14:40 KD: The great thing here is that DOCA is actually a platform that will remain constant. Even as we progress with new devices like the BlueField-2X, the software platform will stay the same. You can leverage all of the investment that you've made on top of DOCA. With BlueField-2X, we combined the DPU with an Ampere GPU. And now we can bring to bear a tightly integrated system that has been validated and integrated with AI and data processing capabilities. We fully utilize GPUDirect and CUDA, which are the AI platforms that allow you to develop all sorts of applications across a range of different vertical business workloads. The investment that you make today on DOCA with our BlueField will carry forward with BlueField-2X and Bluefield-3 as we move forward.
15:46 KD: But not only are we committed to a long-term road map for our DPUs and a software application framework with DOCA, but also, we're investing heavily in our partners so that we can certify systems and enable a secure hybrid cloud for enterprises. These are just several of our partners that we're working with, who are validating systems that are using our BlueField-2, our ConnectX adapters, and our Ethernet InfiniBand switches, along with really, the integrated building block, which is EGx and HTx, that incorporate the Ampere and the networking. All of this is really being integrated and validated with our OEM partners. We invite more of our OEM partners to come work with us, validate these, and really enable all of the AI workloads and the data processing acceleration that we're able to achieve with the DPU. If you're not on this list, please come work with us. We're anxious to enable AI everywhere.
16:57 KD: Of course, storage is a critical part of enabling AI because of the massive data sets and the AI workloads that we need the efficient access to the storage and the data. Here, we're also validating GPUDirect storage partners. And so, we have growing ecosystem partners, we have development partners, as well as partners that were involved with testing today. Again, we'd like to work with more partners so that we can bring to bear all of the efficient access to data that's needed to put AI everywhere in the enterprise.

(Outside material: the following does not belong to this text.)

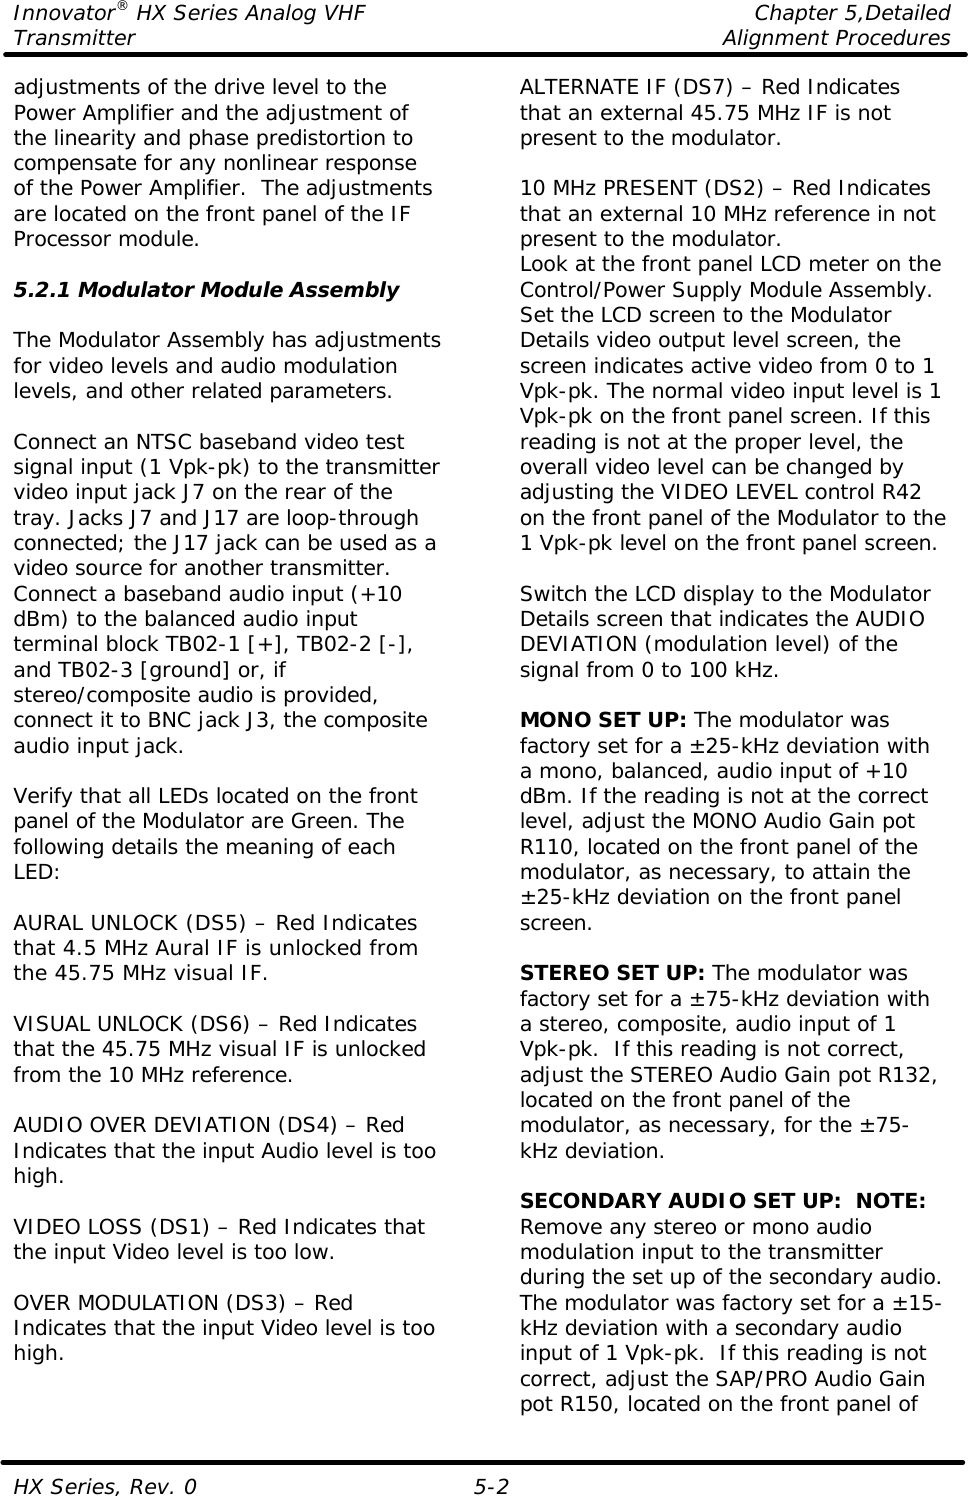 Innovator® HX Series Analog VHF    Chapter 5,Detailed Transmitter    Alignment Procedures  HX Series, Rev. 0 5-2 adjustments of the drive level to the Power Amplifier and the adjustment of the linearity and phase predistortion to compensate for any nonlinear response of the Power Amplifier.  The adjustments are located on the front panel of the IF Processor module.  5.2.1 Modulator Module Assembly  The Modulator Assembly has adjustments for video levels and audio modulation levels, and other related parameters.    Connect an NTSC baseband video test signal input (1 Vpk-pk) to the transmitter video input jack J7 on the rear of the tray. Jacks J7 and J17 are loop-through connected; the J17 jack can be used as a video source for another transmitter. Connect a baseband audio input (+10 dBm) to the balanced audio input terminal block TB02-1 [+], TB02-2 [-], and TB02-3 [ground] or, if stereo/composite audio is provided, connect it to BNC jack J3, the composite audio input jack.  Verify that all LEDs located on the front panel of the Modulator are Green. The following details the meaning of each LED:  AURAL UNLOCK (DS5) – Red Indicates that 4.5 MHz Aural IF is unlocked from the 45.75 MHz visual IF.  VISUAL UNLOCK (DS6) – Red Indicates that the 45.75 MHz visual IF is unlocked from the 10 MHz reference.  AUDIO OVER DEVIATION (DS4) – Red Indicates that the input Audio level is too high.  VIDEO LOSS (DS1) – Red Indicates that the input Video level is too low.  OVER MODULATION (DS3) – Red Indicates that the input Video level is too high. ALTERNATE IF (DS7) – Red Indicates that an external 45.75 MHz IF is not present to the modulator.  10 MHz PRESENT (DS2) – Red Indicates that an external 10 MHz reference in not present to the modulator. Look at the front panel LCD meter on the Control/Power Supply Module Assembly.  Set the LCD screen to the Modulator Details video output level screen, the screen indicates active video from 0 to 1 Vpk-pk. The normal video input level is 1 Vpk-pk on the front panel screen. If this reading is not at the proper level, the overall video level can be changed by adjusting the VIDEO LEVEL control R42 on the front panel of the Modulator to the 1 Vpk-pk level on the front panel screen.  Switch the LCD display to the Modulator Details screen that indicates the AUDIO DEVIATION (modulation level) of the signal from 0 to 100 kHz.  MONO SET UP: The modulator was factory set for a ±25-kHz deviation with a mono, balanced, audio input of +10 dBm. If the reading is not at the correct level, adjust the MONO Audio Gain pot R110, located on the front panel of the modulator, as necessary, to attain the ±25-kHz deviation on the front panel screen.  STEREO SET UP: The modulator was factory set for a ±75-kHz deviation with a stereo, composite, audio input of 1 Vpk-pk.  If this reading is not correct, adjust the STEREO Audio Gain pot R132, located on the front panel of the modulator, as necessary, for the ±75-kHz deviation.  SECONDARY AUDIO SET UP:  NOTE: Remove any stereo or mono audio modulation input to the transmitter during the set up of the secondary audio.  The modulator was factory set for a ±15-kHz deviation with a secondary audio input of 1 Vpk-pk.  If this reading is not correct, adjust the SAP/PRO Audio Gain pot R150, located on the front panel of

17:38 KD: With that, I'd like to close and say that to put AI everywhere, we need your help. We need the storage community to embrace RDMA and Magnum IO accelerations, and really to figure out how we can deliver AI performance at scale everywhere in the enterprise. Come work with us at Nvidia with our new DPUs, with our AI and our GPUs, our integrated platforms like EGx and HTx. For the storage community, we want to work with you to certify GPU direct storage, and for the server OEMs certified systems and incorporate these AI building blocks. The world is changing dramatically with AI, and we want you to be part of that transformation with us.
18:36 KD: Thank you very much for joining us today. We're excited to work with you to bring AI to every business because every business is becoming AI. For those of you that are interested to learn more, we have some links here for Magnum IO and for certified systems. We'd like to work with you to qualify those systems. For those of you that are here live, we're going to open this up now for some live Q and A. We have people that are experts in Magnum IO and in our network and in DPUs. Thank you so much for joining us and let's go change the world together and make AI everywhere.